If Mr Geithner is to be believed, bond investors should know that this default chatter is just part of the normal political process.... Can this reassuring patter be believed? Up to a point, m’lud. On the surface, the current behaviour of the bond market appears to support Mr Geithner; though the government came to the brink of a shutdown last week, due to fiscal brinkmanship, 10-year Treasury yields were on Thursday trading at just 3.48 per cent. There is little sign of foreign selling; bond auctions remain well covered.

However, what is less visible – and more ominous – is that, behind the scenes, some large asset managers and banks are already discreetly debating contingency plans... [for] a technical default....

[On] the “acknowledgement” question – there has been progress. In late 2010, when Mr Obama’s bipartisan fiscal commission first issued a report on the debt, the White House hoped that tough fiscal debates could be delayed until after the 2012 election. That thinking, however, has now changed.... However, Mr Obama’s speech this week may – ironically – have actually undermined this constructive debate, by alienating Republicans. Sensible dialogue remains the exception, not norm. And that makes it that much harder to produce the third item... a credible fiscal plan. Optimists in Congress insist that the main players in the fiscal debate now accept that any eventual plan “will look something like Simpson-Bowles, plus or minus twenty per cent,” as one leading senator says... $4 trillion-$5 trillion [over ten years] range. However, the two sides remain bitterly divided about the fiscal mix.... [T]hat long delay may not be entirely disastrous for market sentiment if the first two factors on that checklist are in place. At the very least, Congress must have enough “process” in place to raise the debt ceiling...
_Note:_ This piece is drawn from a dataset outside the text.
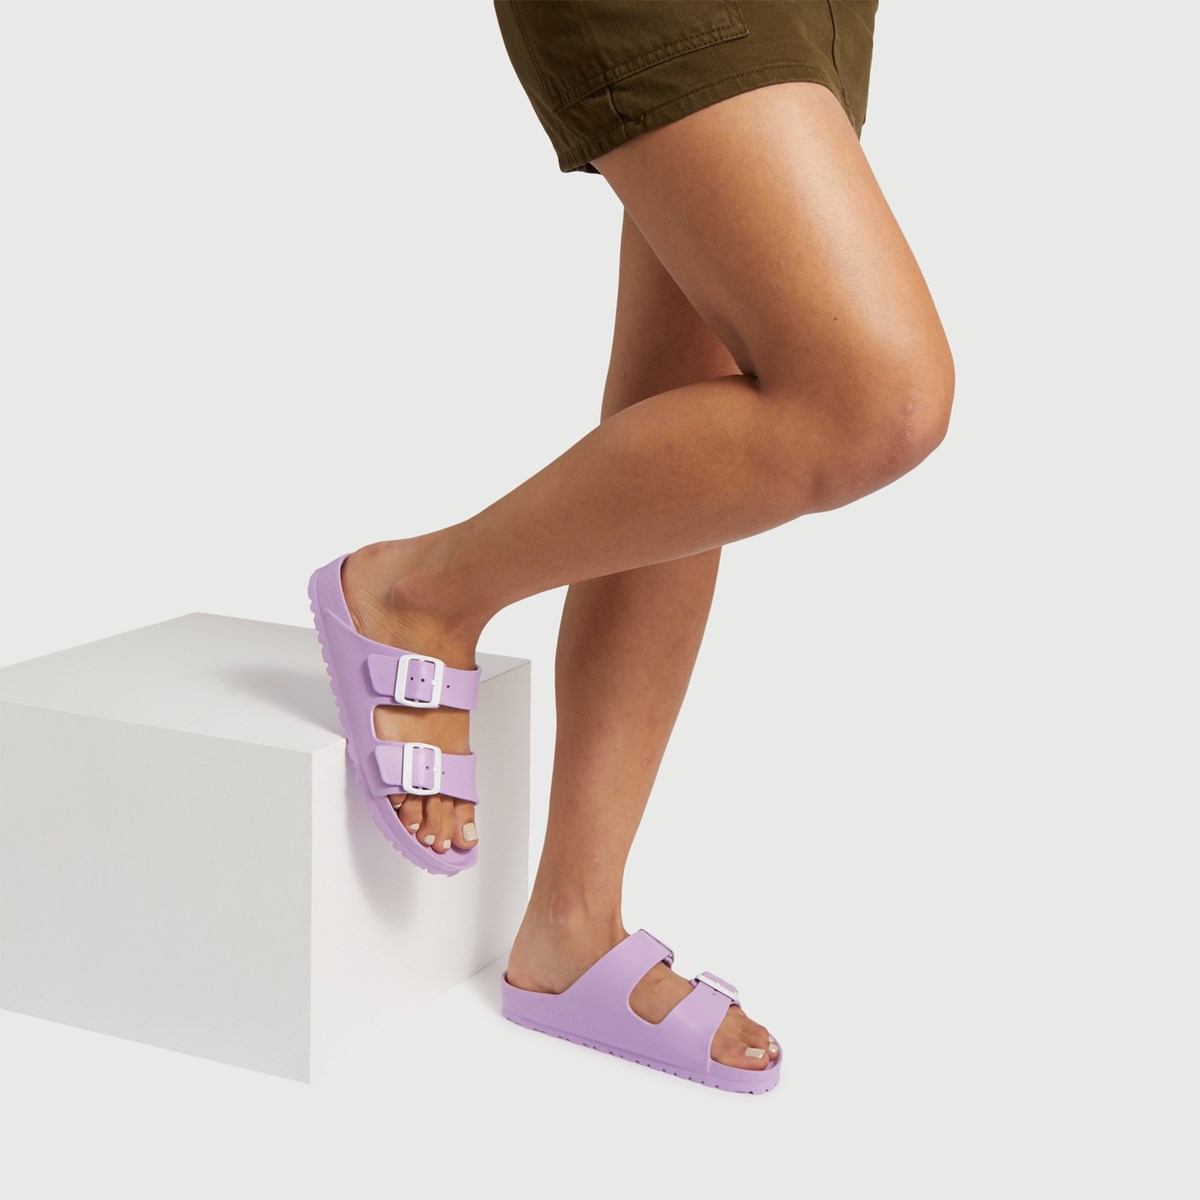 lavender birkenstock sandals

It is an interesting expectational dilemma. My view is that Republicans in congress will not vote to raise the debt limit until there is an interest rate spike. But once there is an interest rate spike they will raise it very quickly--and interest rates will go back down--so that those whose bond sales are the interest rate spike will lose a lot of money: they will have sold their Treasuries cheaply at prices that make them look like fools in retrospect.

The way to make money is then to buy Treasuries when interest rates spike... thus keeping them from spiking enough to trigger enough panic in Washington to produce an increase in the debt limit...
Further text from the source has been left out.